La proprietà comune o individuale del sottotetto dell’edificio deve essere individuata dal contratto di compravendita e/o dal regolamento di condominio. Se non c'è nessun titolo o nessuna menzione su di esso, il sottotetto si considera comunque parte comune se, per le proprie caratteristiche strutturali e funzionali, risulta destinato all’uso comune oppure utilizzato per un interesse condominiale come per esempio un utilizzo a stenditoio.
Si tratta della cosiddetta presunzione di comunione, valida fino a quando non venga fornita la prova contraria della proprietà esclusiva del sottotetto.

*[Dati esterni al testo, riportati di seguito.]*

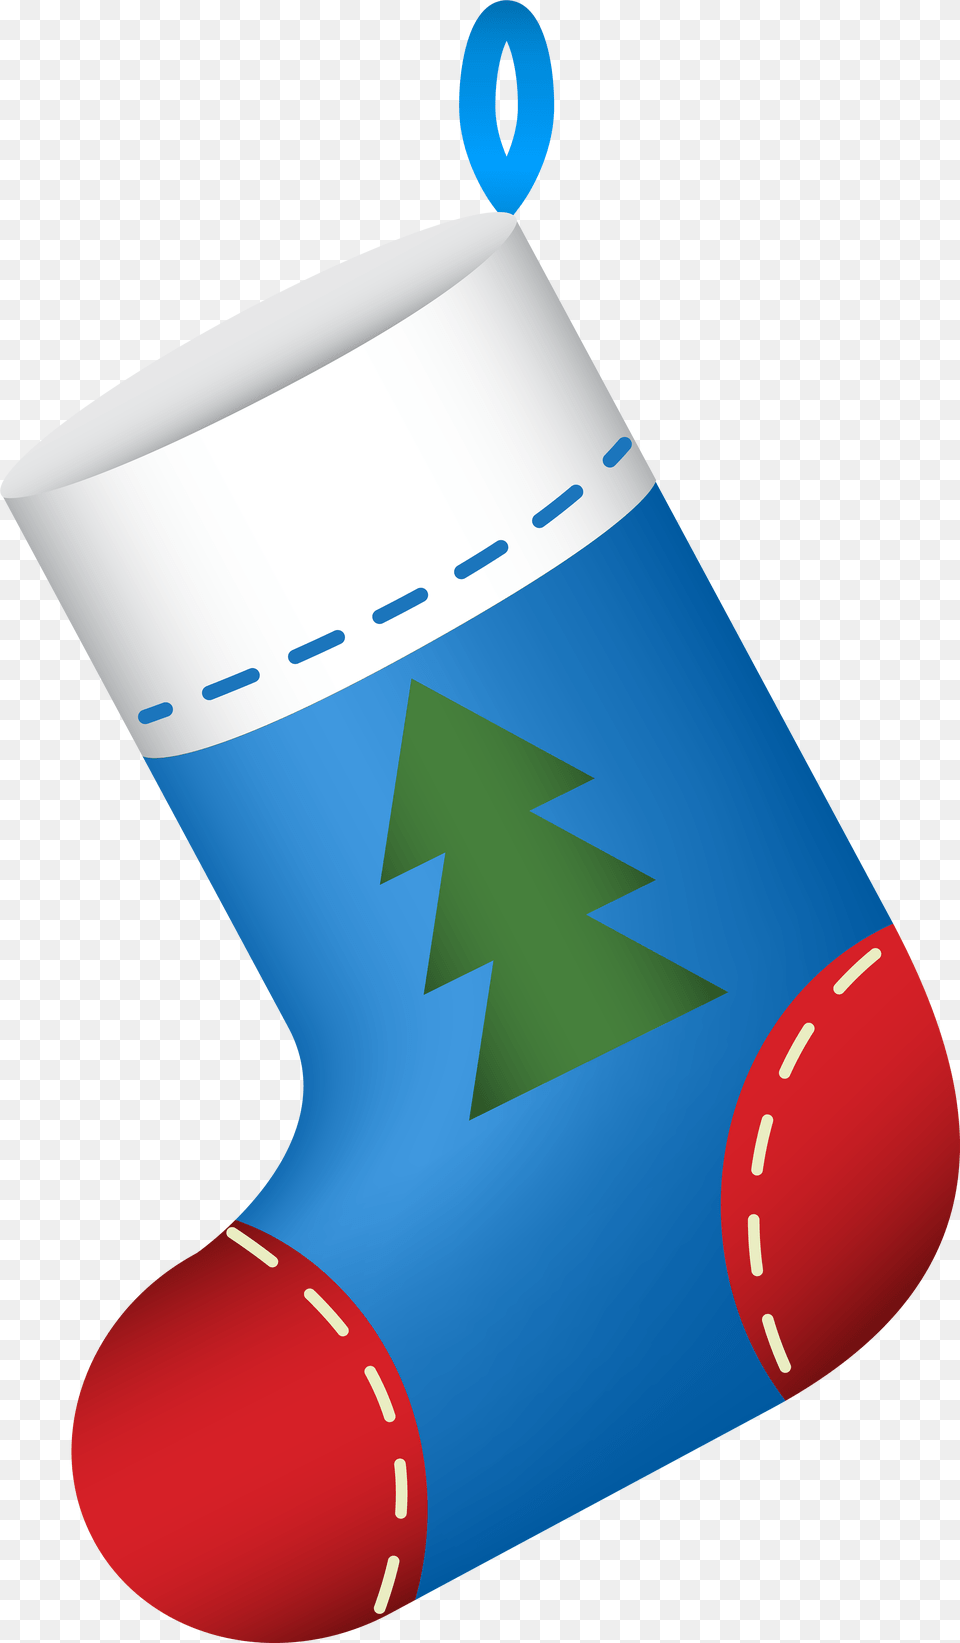 Christmas Stocking Blue Clip Art Gallery Clip Art Christmas Socks, Clothing, Hosiery, Christmas Decorations, Festival Png Image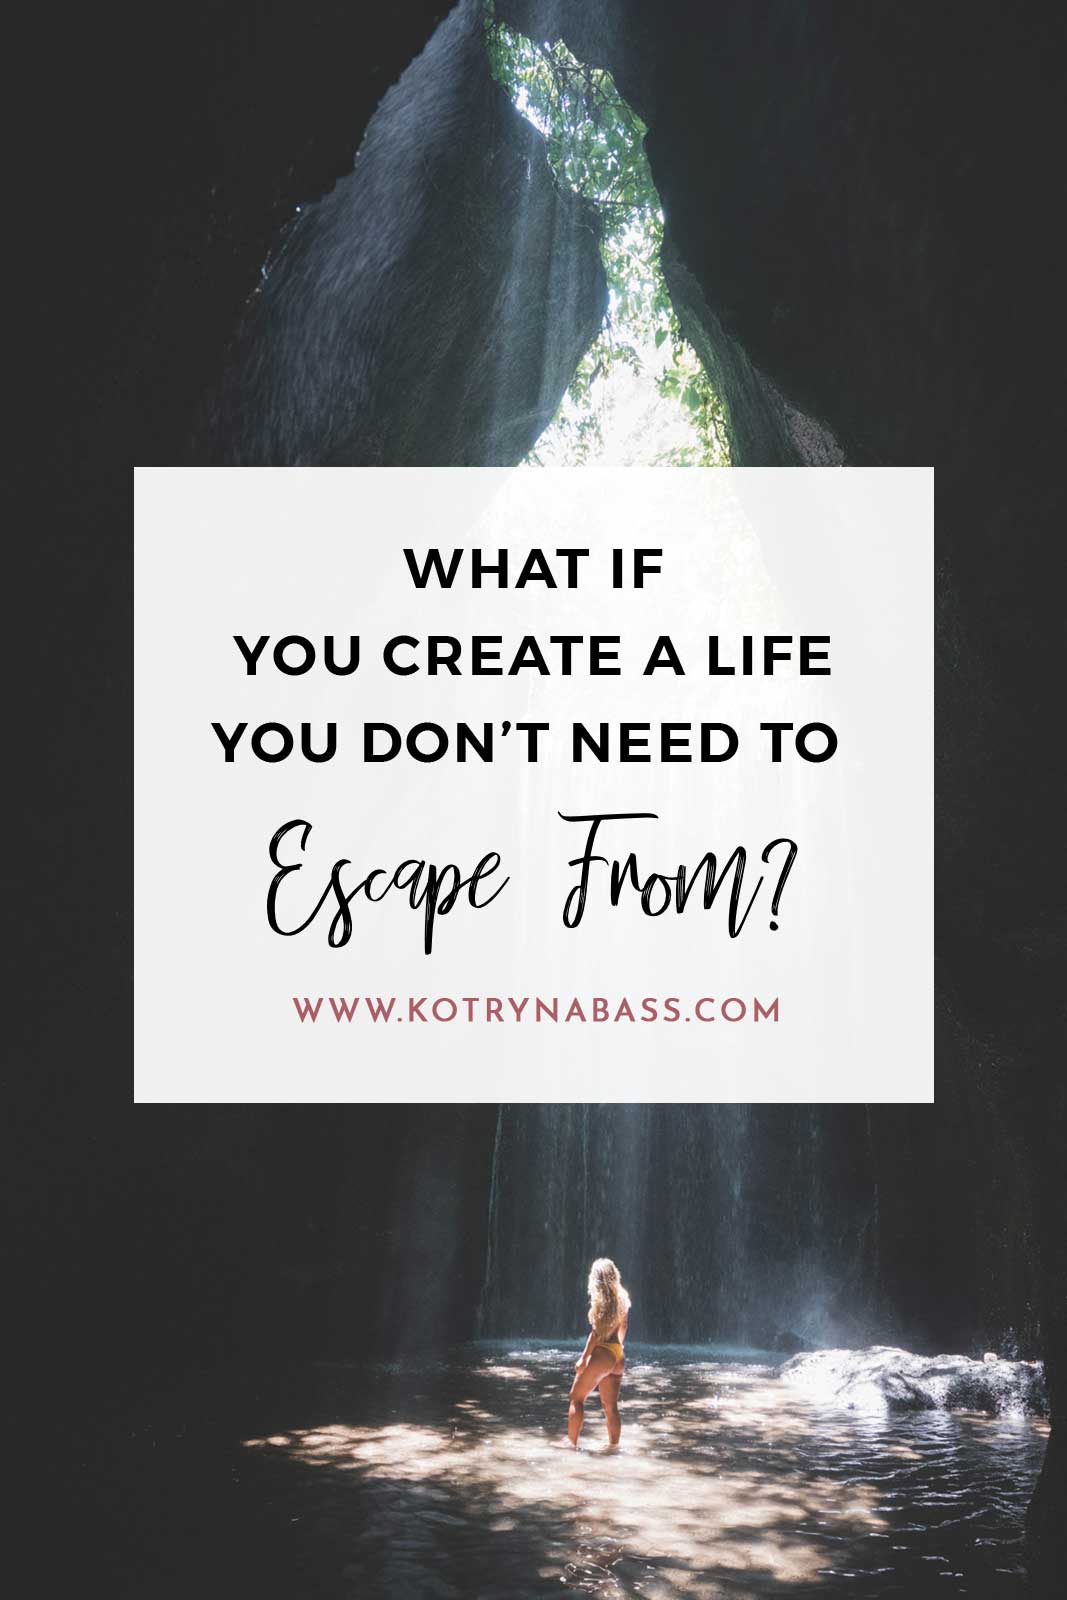 Everyone want to know how to create a dream life and the great thing is- we all have that answer within us... Read this post to get inspired and start making your dreams happen TODAY!

La regola è stata ribadita da una recente sentenza della Cassazione. In particolare i giudici hanno precisato che, per accertare la natura condominiale o pertinenziale del sottotetto di un edificio, in mancanza del titolo, deve farsi riferimento alle sue caratteristiche strutturali e funzionali:
- quando il sottotetto sia oggettivamente destinato (anche solo potenzialmente) all’uso comune o all’esercizio di un servizio di interesse comune, può applicarsi la presunzione di comunione;
- quando il sottotetto assolve all’esclusiva funzione di isolare e proteggere dal caldo, dal freddo e dall’umidità l’appartamento dell’ultimo piano, e non abbia dimensioni e caratteristiche strutturali tali da consentirne l’utilizzazione come vano autonomo, va considerato pertinenza di tale appartamento.
La prova della proprietà esclusiva del sottotetto come pertinenza dell’appartamento deve essere fornita dai condomini interessati. E' un onere probatorio necessario per superare la presunzione di comunione secondo la quale, in assenza di certezza proveniente dal titolo, si presumono parti comuni tutte quelle parti dell’edificio che risultano destinate all’uso comune o all’esercizio di un servizio condominiale.